Dans une dispute, nous ne discutons bientôt plus seulement de ce qui a été dit. Nous expliquons pourquoi l’autre l’a dit : « Tu réagis ainsi parce que tu as peur », « Tu ne refuses pas vraiment, tu te protèges », « Ta colère vient de ton histoire ». Ces hypothèses peuvent être fines et nées d’une longue connaissance. Elles peuvent même aider quelqu’un à apercevoir ce qu’il ne voyait pas. Leur danger commence lorsque comprendre pourquoi il parle nous dispense de répondre à ce qu’il dit.

Une divergence devient anxiété, un refus devient fuite, une nouvelle direction devient réaction passagère. La parole n’est pas ignorée, mais elle doit passer par notre traduction avant de connaître son vrai sens. Nous nous croyons plus lucides, surtout si nous connaissons depuis longtemps les habitudes, les blessures et les contradictions de la personne. Il est alors tentant d’affirmer : « Je sais mieux que toi ce dont tu as besoin. » Cette intuition peut éclairer un moment ; elle ne fonde pas une position permanente.
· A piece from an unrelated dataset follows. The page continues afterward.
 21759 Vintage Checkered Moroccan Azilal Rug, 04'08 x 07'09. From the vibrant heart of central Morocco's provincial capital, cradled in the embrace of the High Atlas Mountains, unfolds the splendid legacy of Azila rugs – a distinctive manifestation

La différence essentielle ne se situe pas entre interpréter et ne jamais interpréter. Elle se situe entre une hypothèse qui peut être corrigée et une lecture qui transforme chaque réponse en confirmation. « Je me demande si la peur joue un rôle ; est-ce que cela te parle ? » ouvre. « Ton désaccord prouve précisément que tu refuses de voir ta peur » ferme. Dans le second cas, la personne ne possède plus aucun moyen de contredire le portrait qui lui est imposé.
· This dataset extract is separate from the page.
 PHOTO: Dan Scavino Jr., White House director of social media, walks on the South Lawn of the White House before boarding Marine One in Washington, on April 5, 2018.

Ne pas expliquer à sa place ne signifie pas croire toute présentation de soi. Les êtres humains se trompent sur eux-mêmes, cachent des mobiles et changent parfois de récit. Nous pouvons relever une contradiction, attendre que les actes confirment les mots et refuser une version peu crédible. Mais la parole de la personne doit pouvoir entrer parmi les éléments du jugement, non être traitée dès le départ comme un symptôme. Même quelqu’un qui s’est longtemps méconnu ne perd pas à jamais la possibilité de se décrire.
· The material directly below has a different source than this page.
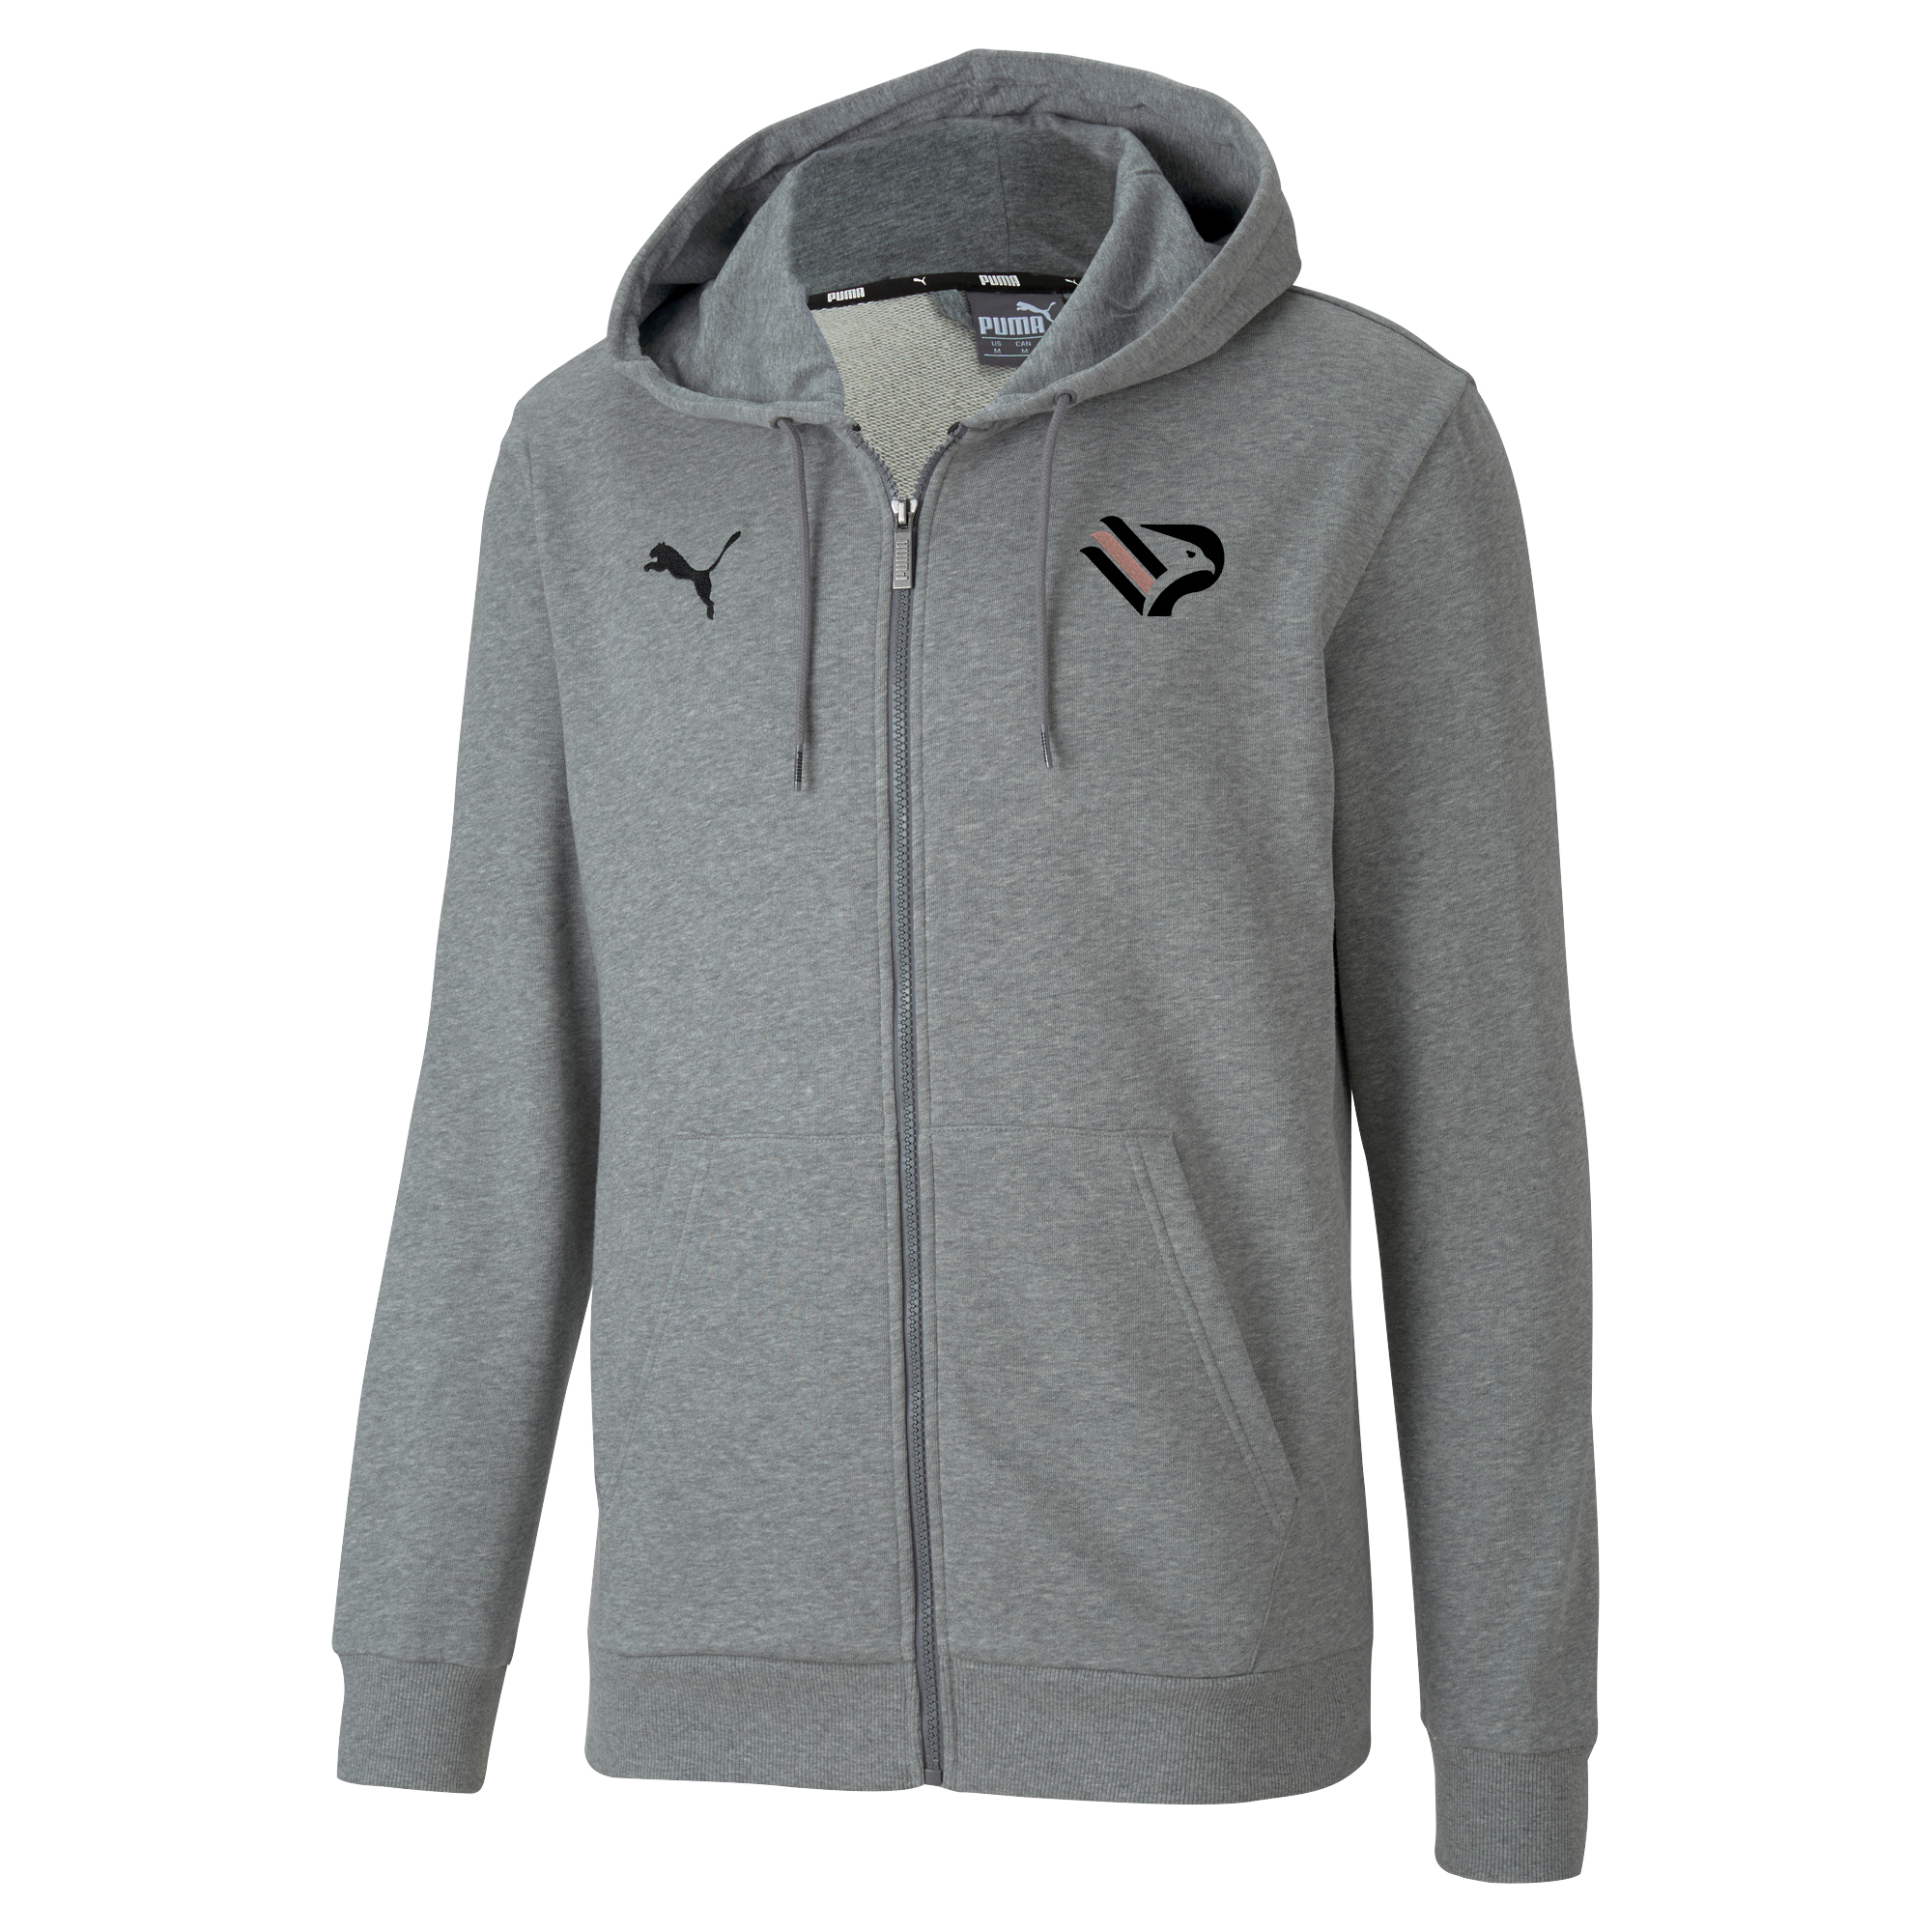 Sweater Team Grey - Palermo F.C. Official Store

Cette discipline commence par laisser une phrase tenir debout un instant. Lorsqu’une personne dit « je ne veux pas », nous rencontrons d’abord ce refus avant de chercher la peur qui l’accompagne. Lorsqu’elle dit « cela m’a blessé », nous examinons l’événement avant de conclure que son histoire amplifie tout. Lorsqu’elle dit « j’ai changé », nous observons la suite sans forcer immédiatement cette nouveauté dans l’ancien scénario.

C’est difficile, parce qu’une explication donne de la certitude. Si nous savons exactement pourquoi l’autre agit, nous savons comment l’apaiser, le convaincre ou contourner son non. Reconnaître que notre lecture est partielle nous place devant une personne moins prévisible. L’intimité n’abolit pas cette incertitude. Elle apprend à vivre avec elle, en formulant nos observations comme des invitations : « J’ai remarqué que tu t’éloignes dans ce type de moment ; je crains que le même mécanisme agisse aujourd’hui. Qu’en dis-tu ? »

Une bonne interprétation élargit la conversation ; elle ne la clôt pas. Elle propose une possibilité sans réduire une personne à son schéma. Ne pas expliquer l’autre à sa place ne demande pas de renoncer à comprendre. Cela demande que toute compréhension garde une ouverture : la personne devant moi peut toujours excéder le meilleur récit que j’ai construit sur elle.